■ **Source material**:
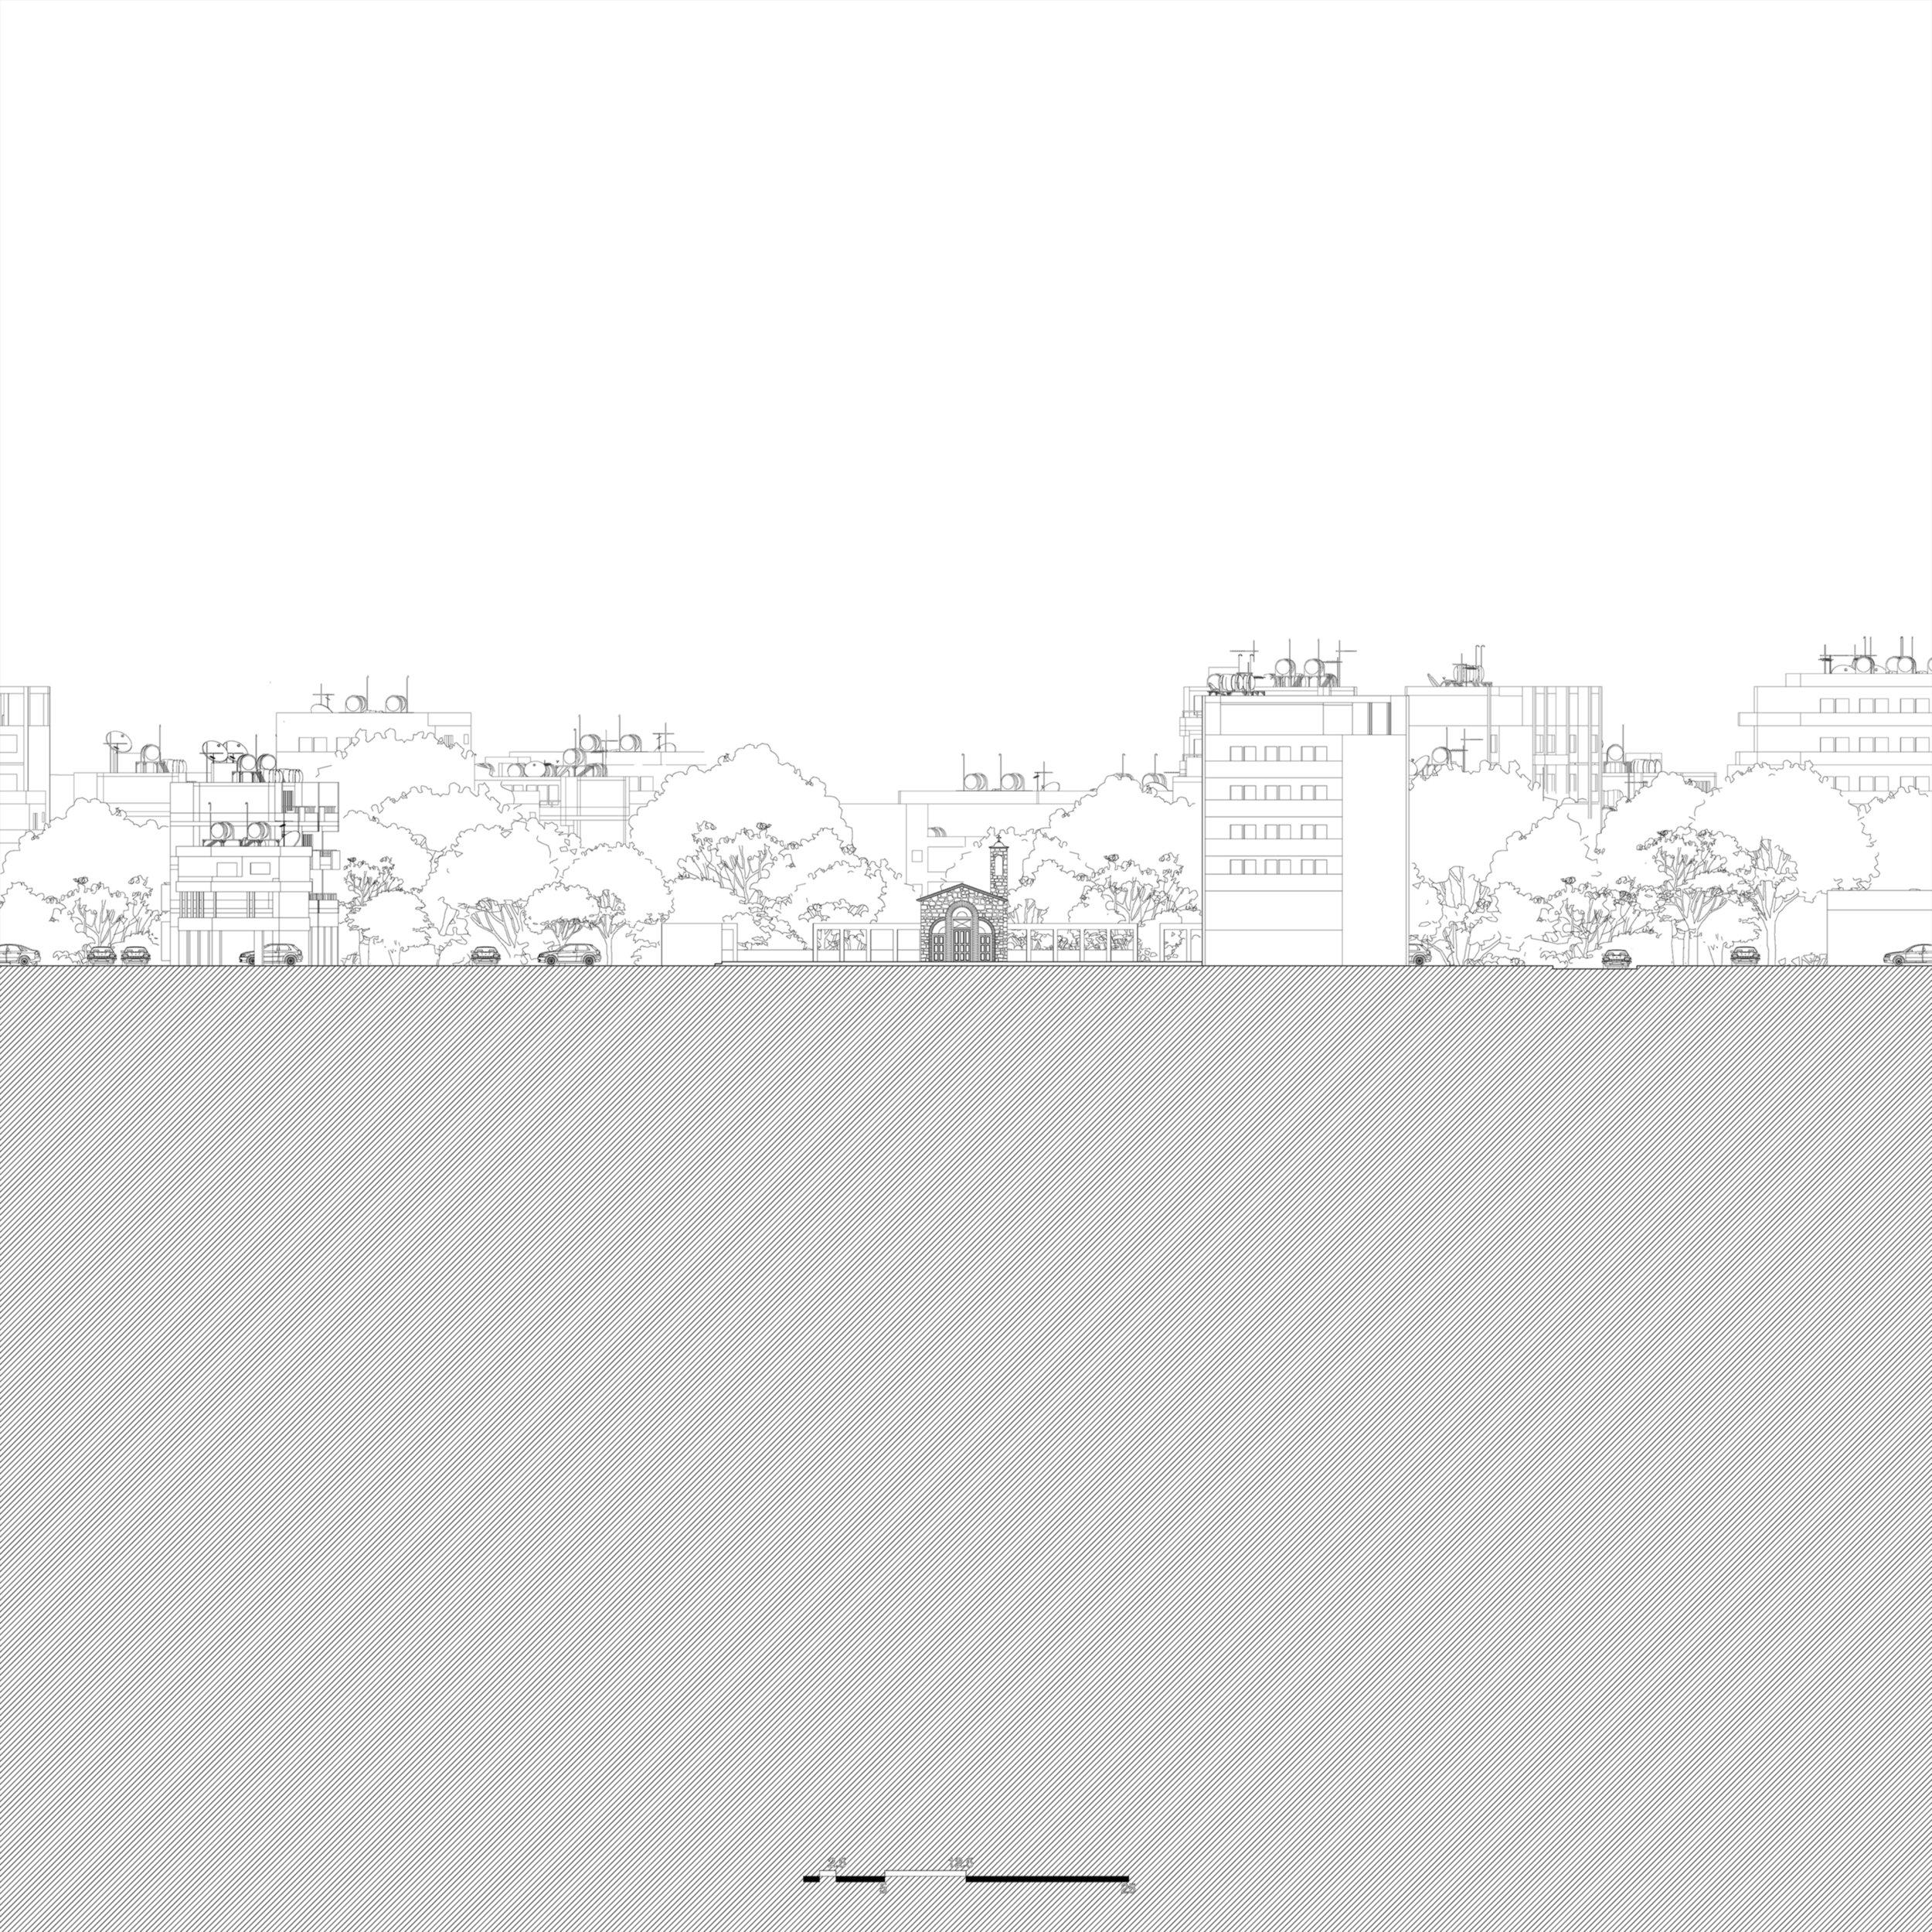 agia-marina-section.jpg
* * *
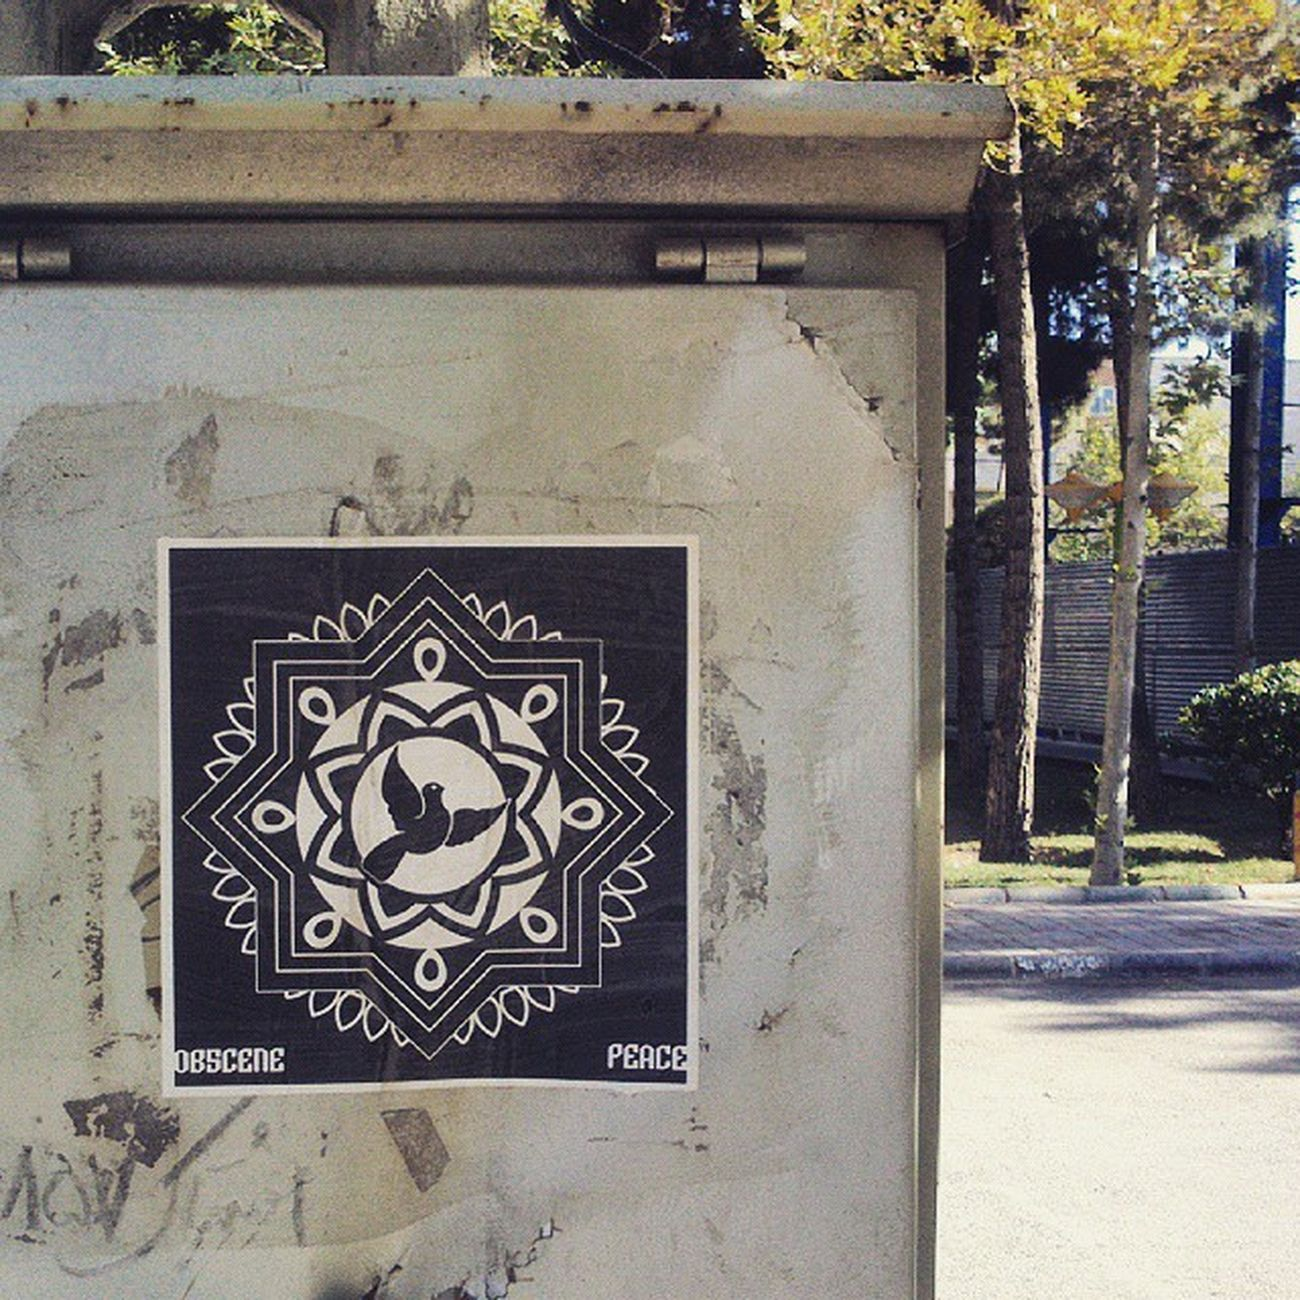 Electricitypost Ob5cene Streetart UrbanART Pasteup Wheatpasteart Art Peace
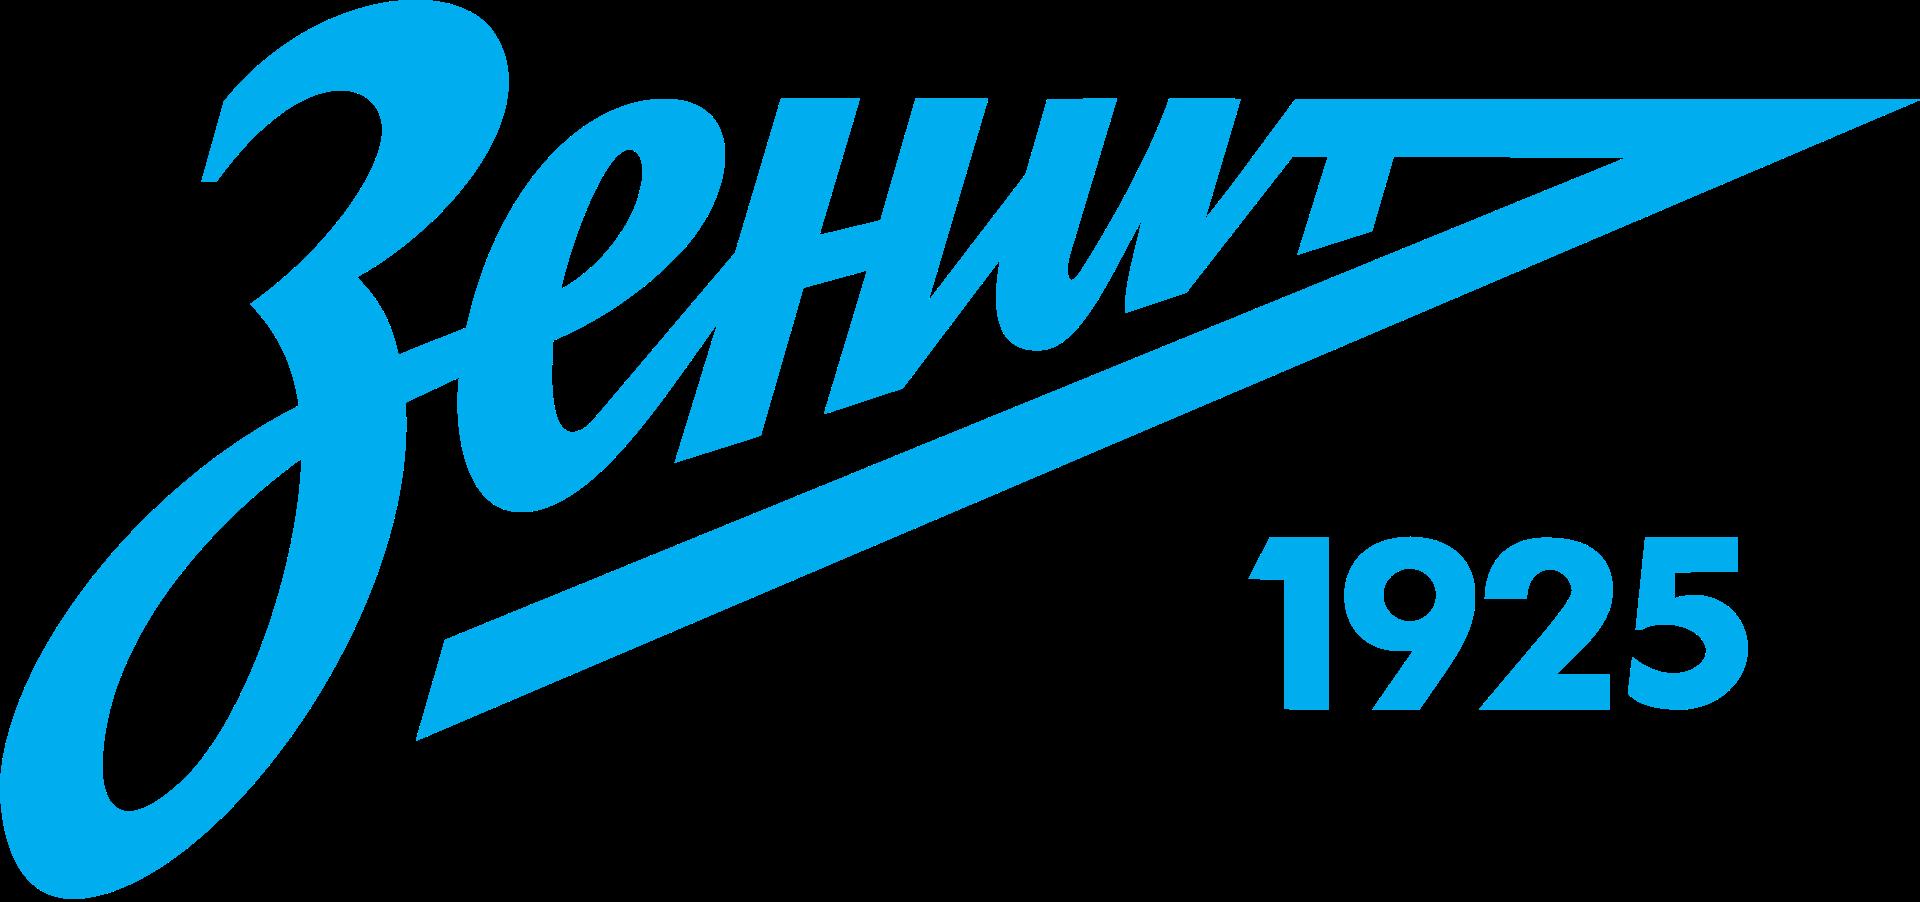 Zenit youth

■ **Task item**: Above is the material; set down exactly its lines from the one containing "Electricitypost Ob5cene Streetart" down to the one containing "Zenit youth", both included, leaving out any pictures.

■ **Your response**:
 Electricitypost Ob5cene Streetart UrbanART Pasteup Wheatpasteart Art Peace
 Zenit youth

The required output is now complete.